**INSTRUCTIONS TO FOLLOW**
Extract the whole listing as it stands. Do not include the pictures.

**SUPPLIED INFORMATION**
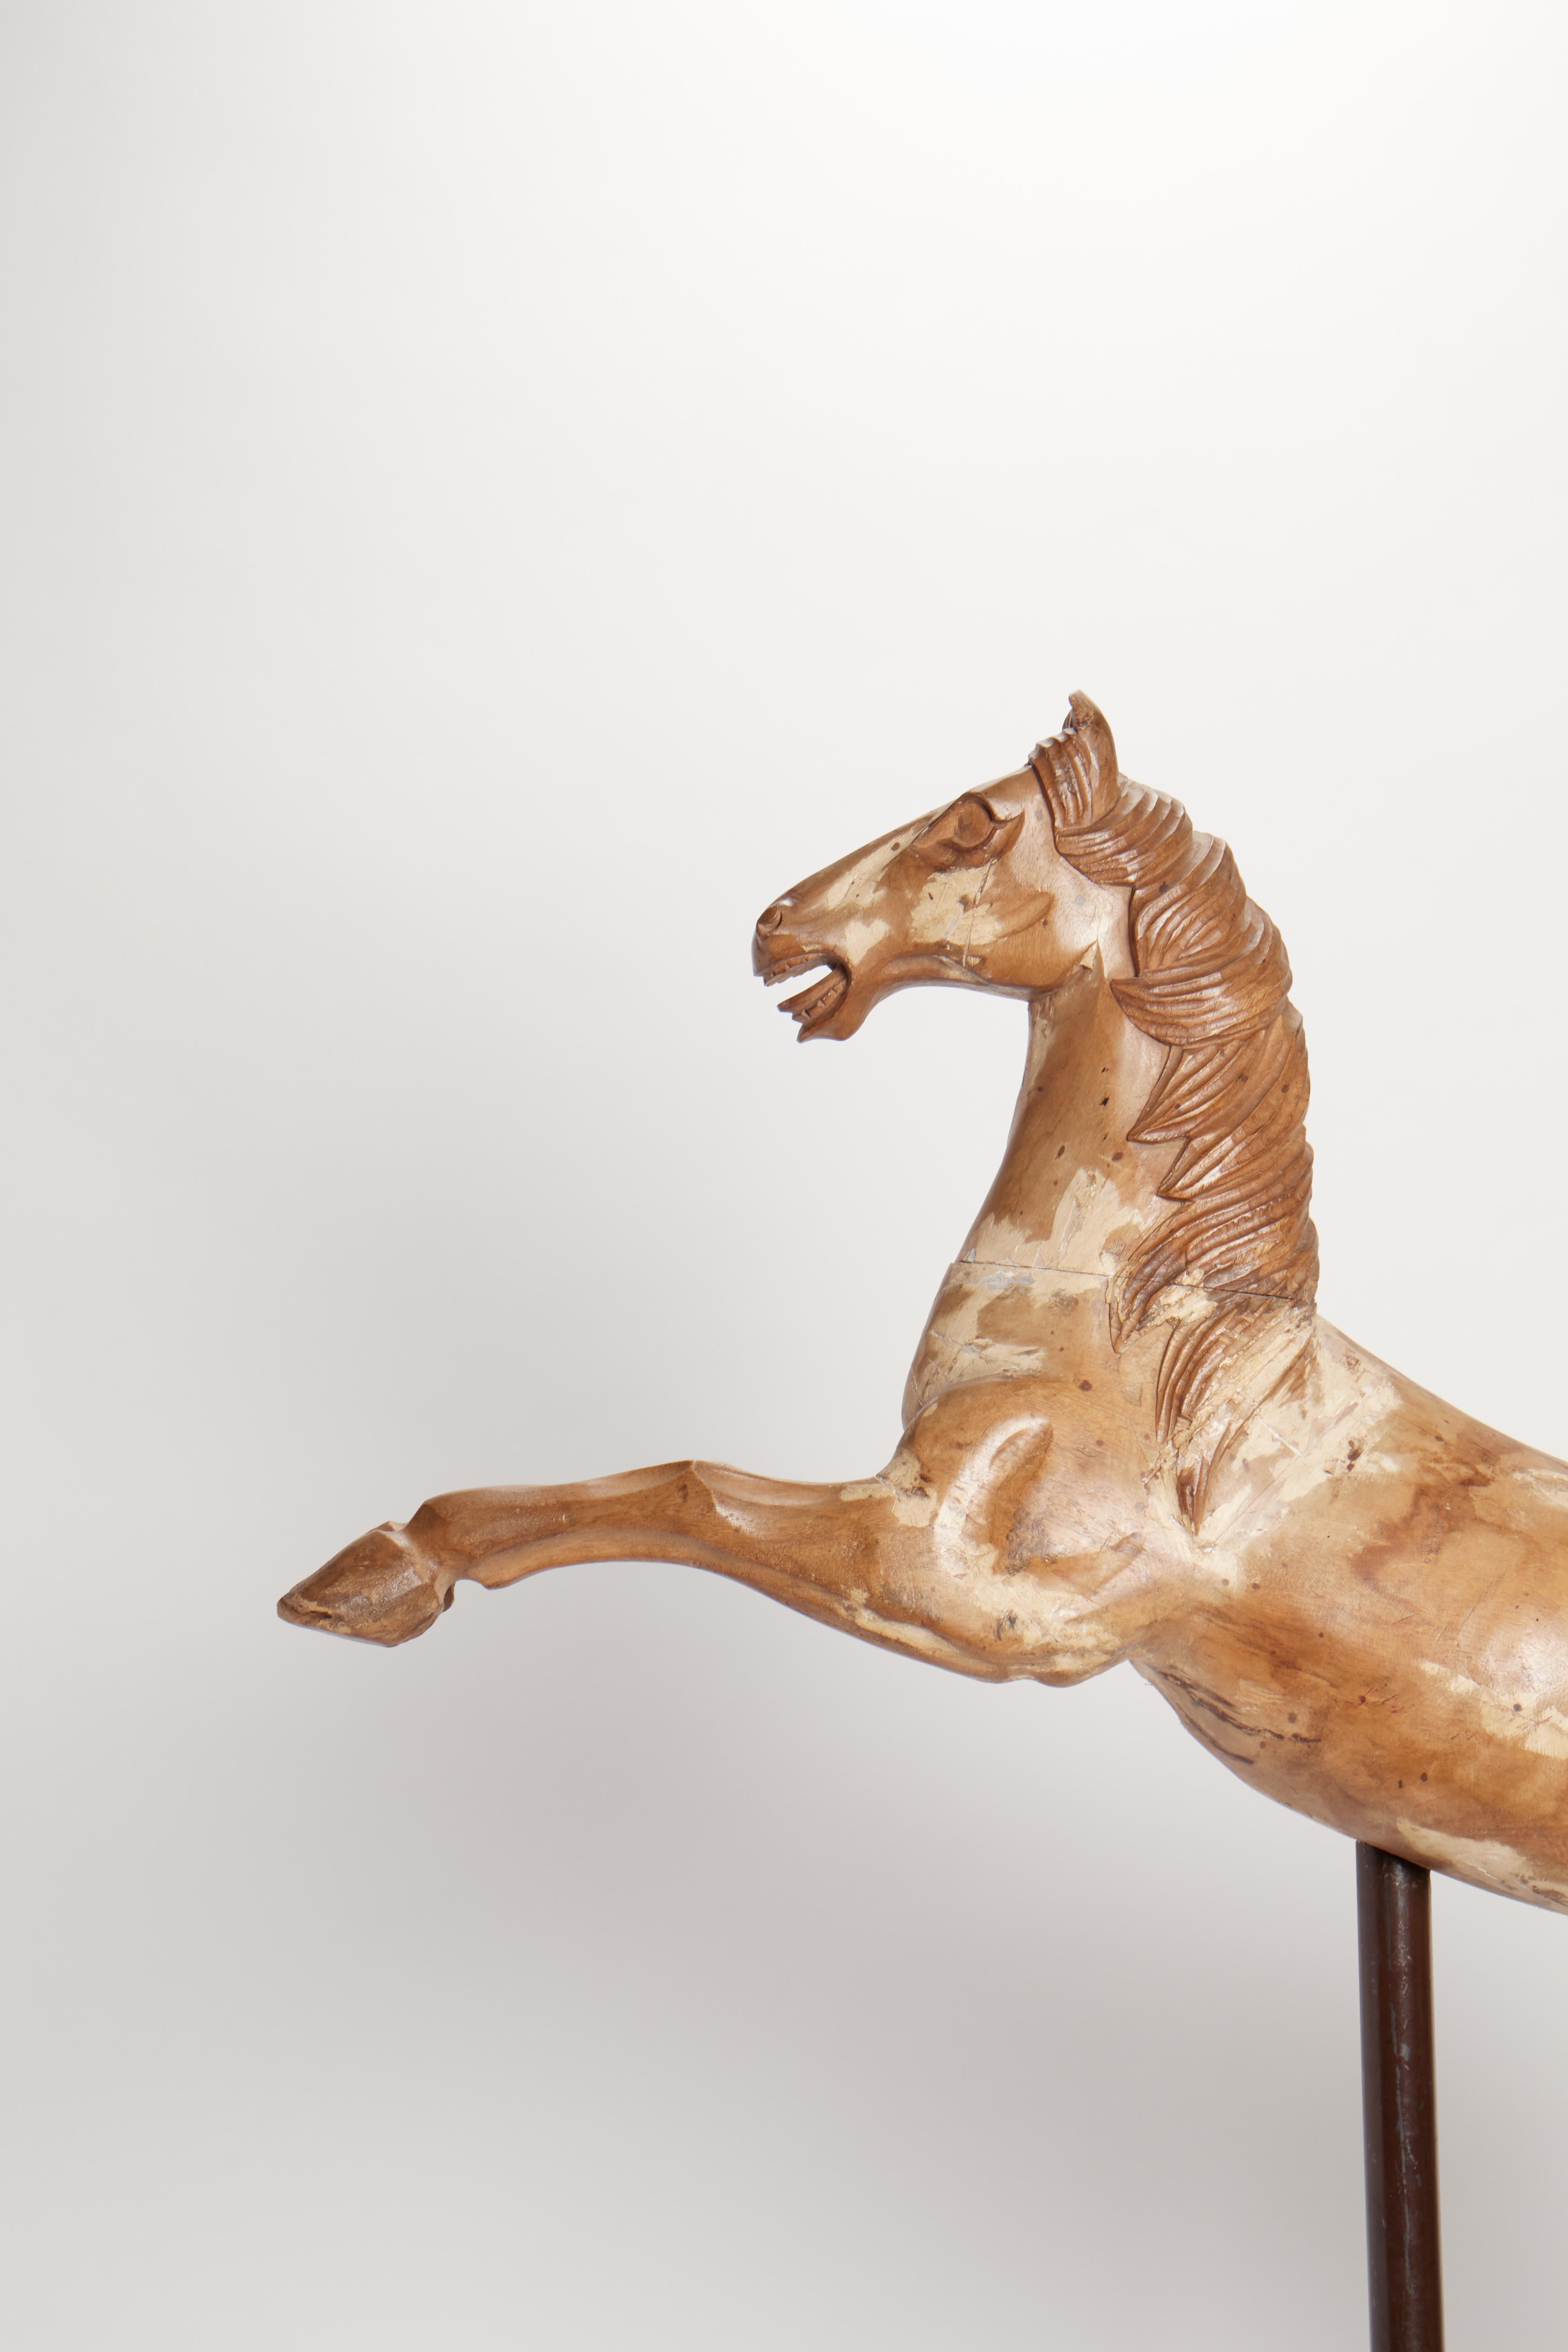 An Italian wooden sculpture of a rampant carousel horse. Modern metal base. Measure refers to the horse only, Italy, circa 1750.
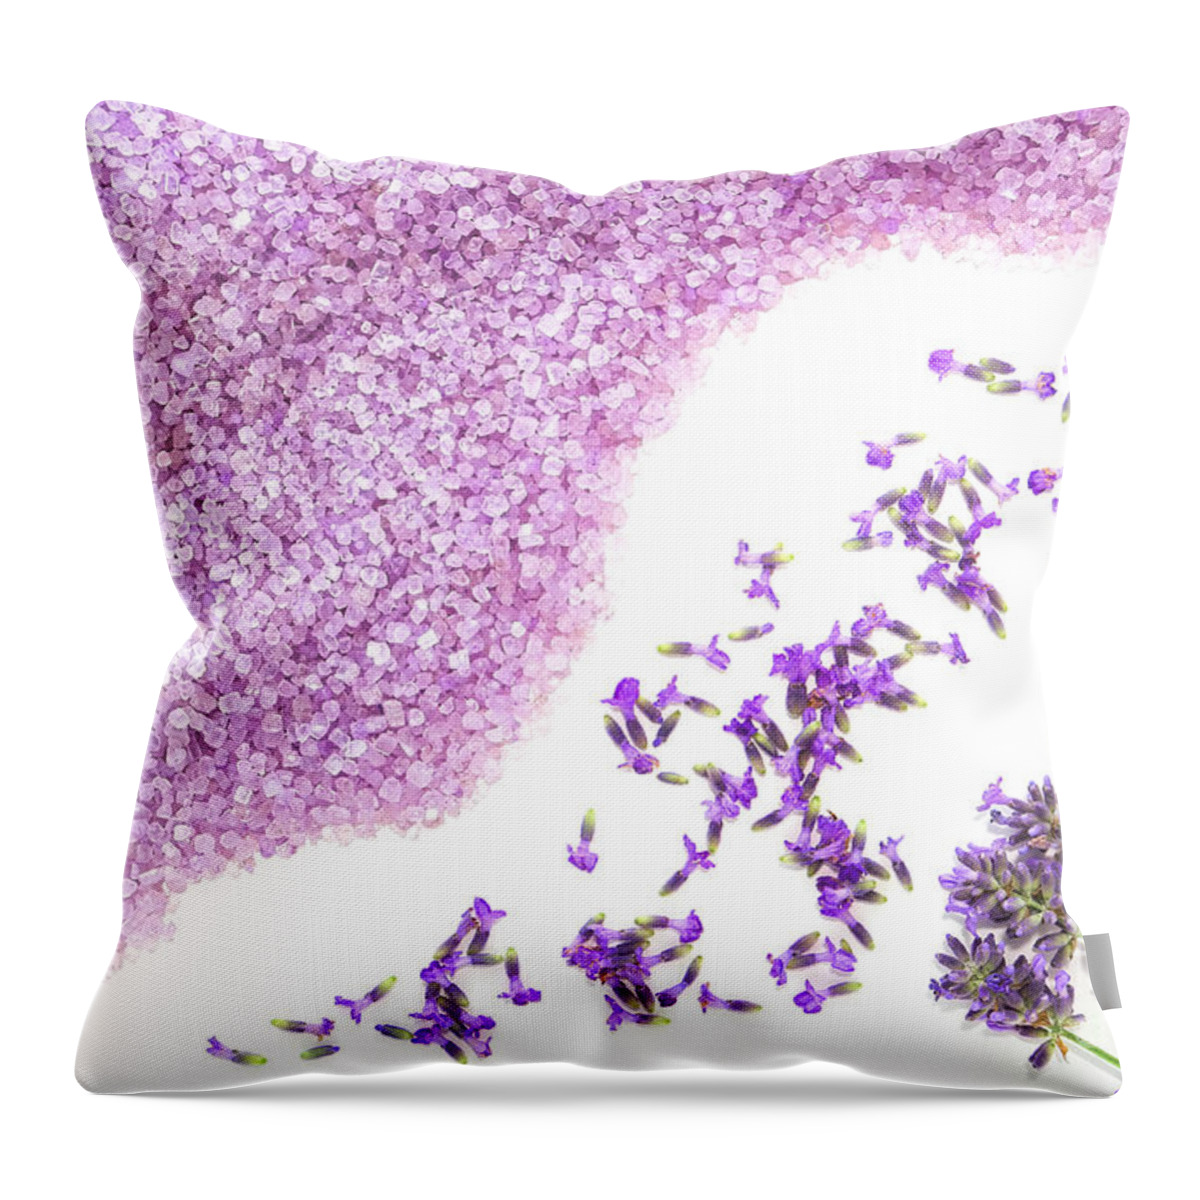 Lavender Throw Pillow featuring the photograph Lavender Art by Olivier Le Queinec
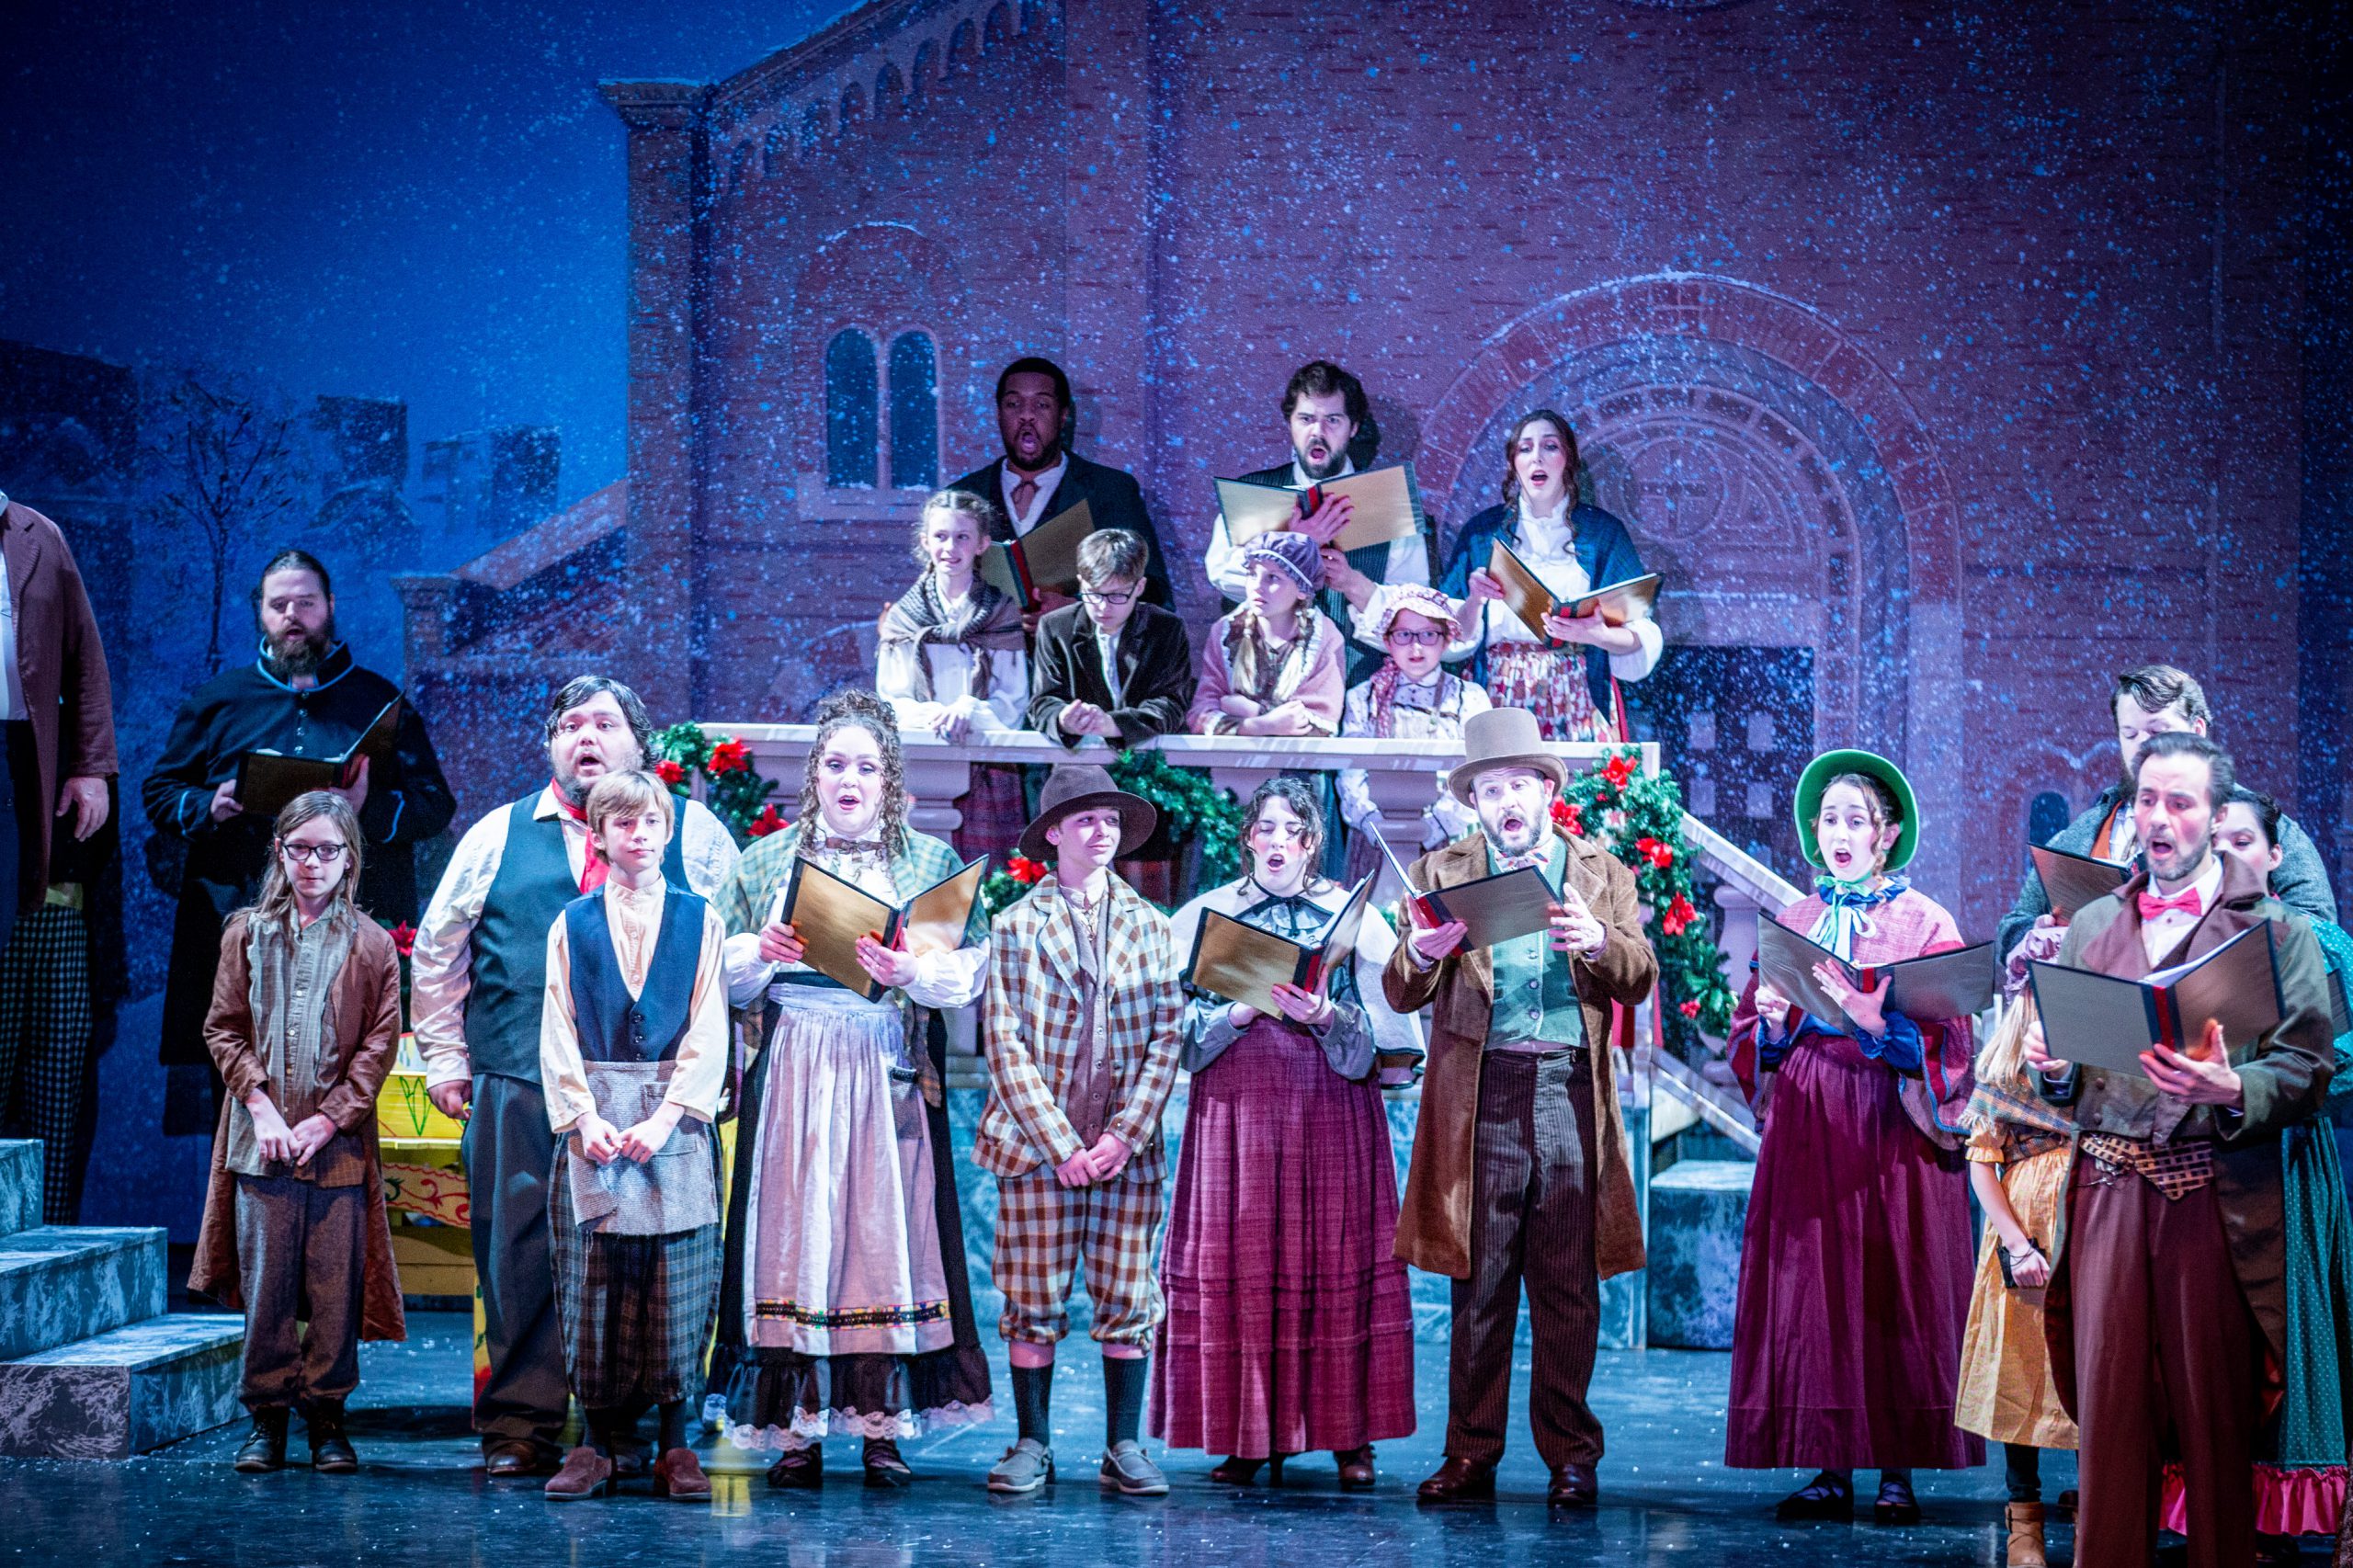 Enter to win 2 Section II tickets to Cosi fan tutte or Il Trovatore!!

**RESULT**
 An Italian wooden sculpture of a rampant carousel horse. Modern metal base. Measure refers to the horse only, Italy, circa 1750.
 Lavender Throw Pillow featuring the photograph Lavender Art by Olivier Le Queinec
 Enter to win 2 Section II tickets to Cosi fan tutte or Il Trovatore!!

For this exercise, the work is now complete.